There is a coffin showroom at Hartsdale. Posh cigar boxes: It’s as if children had been playing at the death of dolls. I worry: Auntie is, in Eliot’s phrase, “a twenty pounder or I’m a bounder.” Unless she gets taken off by some wasting disease I’ll need the cocker-spaniel size. My showroom lady tiptoes, her shoes whispering. “I don’t know what it is — proteins, vitamins — but we’re getting a lot of big cats.” I get them all the time, “Nice mahogany, highly resistant to termites and decay. Redwood. Pine . . .” She forms a moue of distaste, I moue too. It’s not the time to mention shrouds, “We have a concrete vault; it’s better quality than they make for humans. But we require a $120 endowment.” It’d be fun trying to deduct that on my 1040.

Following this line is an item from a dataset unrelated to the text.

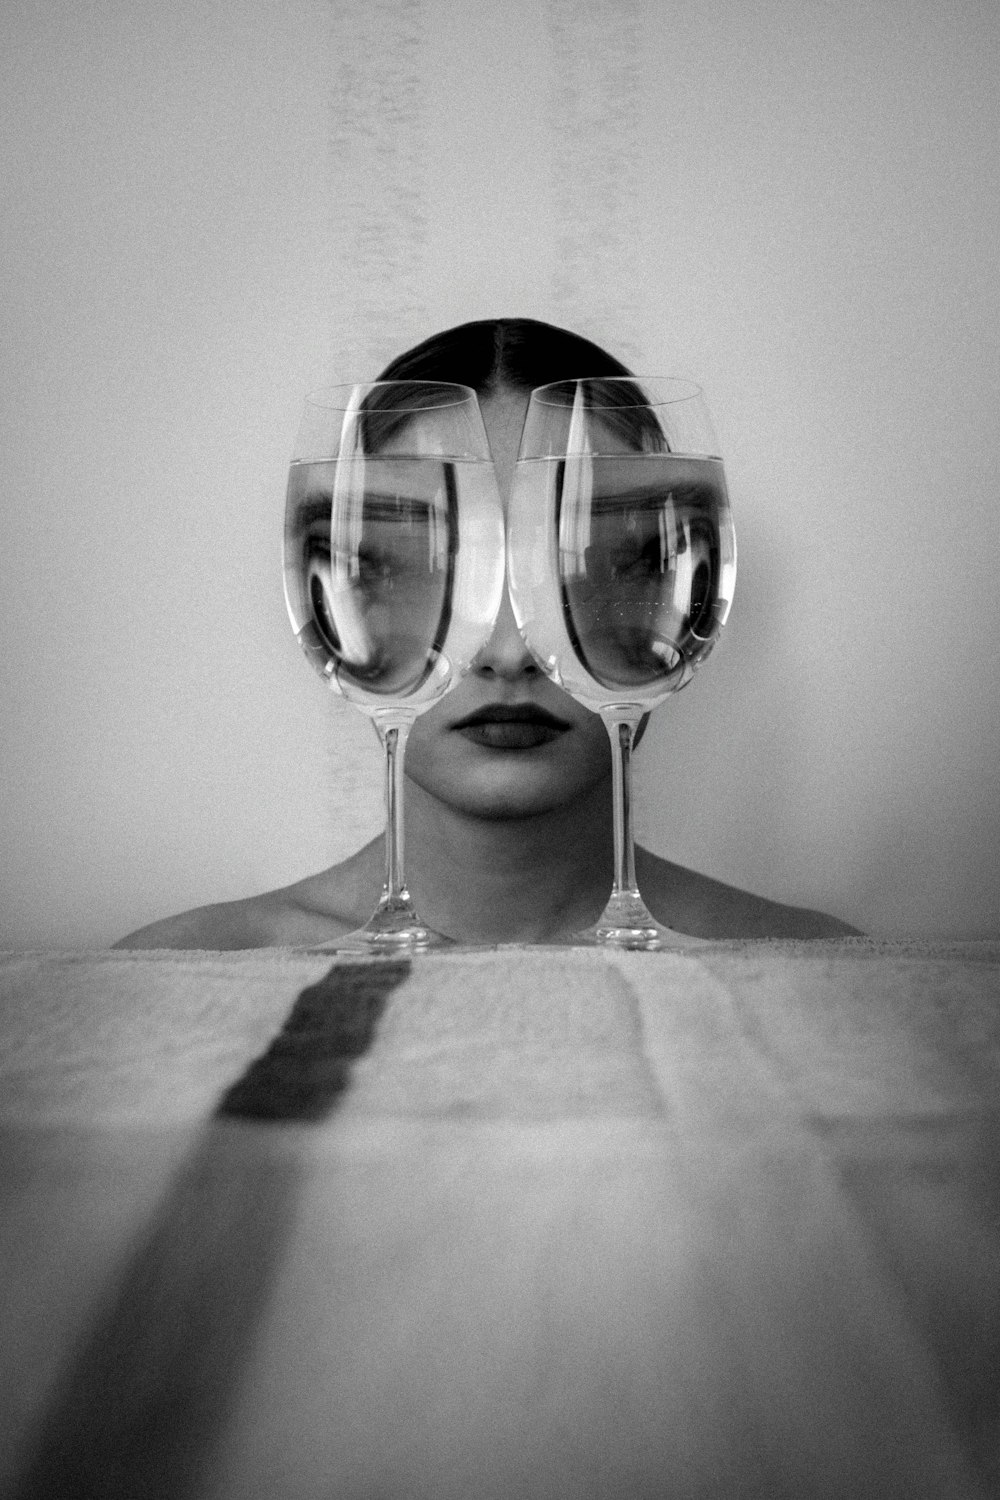 Une femme avec trois verres de vin devant son visage

I request a running tally. “Of course, sir. $100 for the plot. $80 for the large casket, $85 for your headstone, $35 for photograph cameo. $20 for the labor. $5 for perpetual care. That’s annual. After three years of nonpayment the land and the remains return.” “Return?” I gasp. “To me? The remains?” “No, the land returns to us. There is no religious ceremony. But we do process very solemnly.” I add up: $325. “This is, ah — the rich are your clientele, I take it.” She shakes her head, “No. Not at all. Perhaps once, before the World War. Ordinary people now. People on Social Security. Older people. Just people. An animal can come to mean a great deal.”
I know the argument. How many earthquake victims relieved, trachoma cases cured for $325? You hear it as a catchphrase: The American people spend more for cat food than for —. It is smart, irrefutable, yet somehow there is a refutation. On the absolute scale of values human life and dog life cannot be balanced out, I presume there are no Hartsdales in Moscow; if there are even suburbs in Moscow. But there is a quality of human life, below which that life is no longer worth living, as there is a caloric intake below which life is impossible. We insist, it is a survival instinct, on certain gross luxuries of sentiment. “Muddie’s constant pal.” Foolishness. But it is an asset of our freedom to be, now and then, ludicrous, impractical. And, yes, selfish.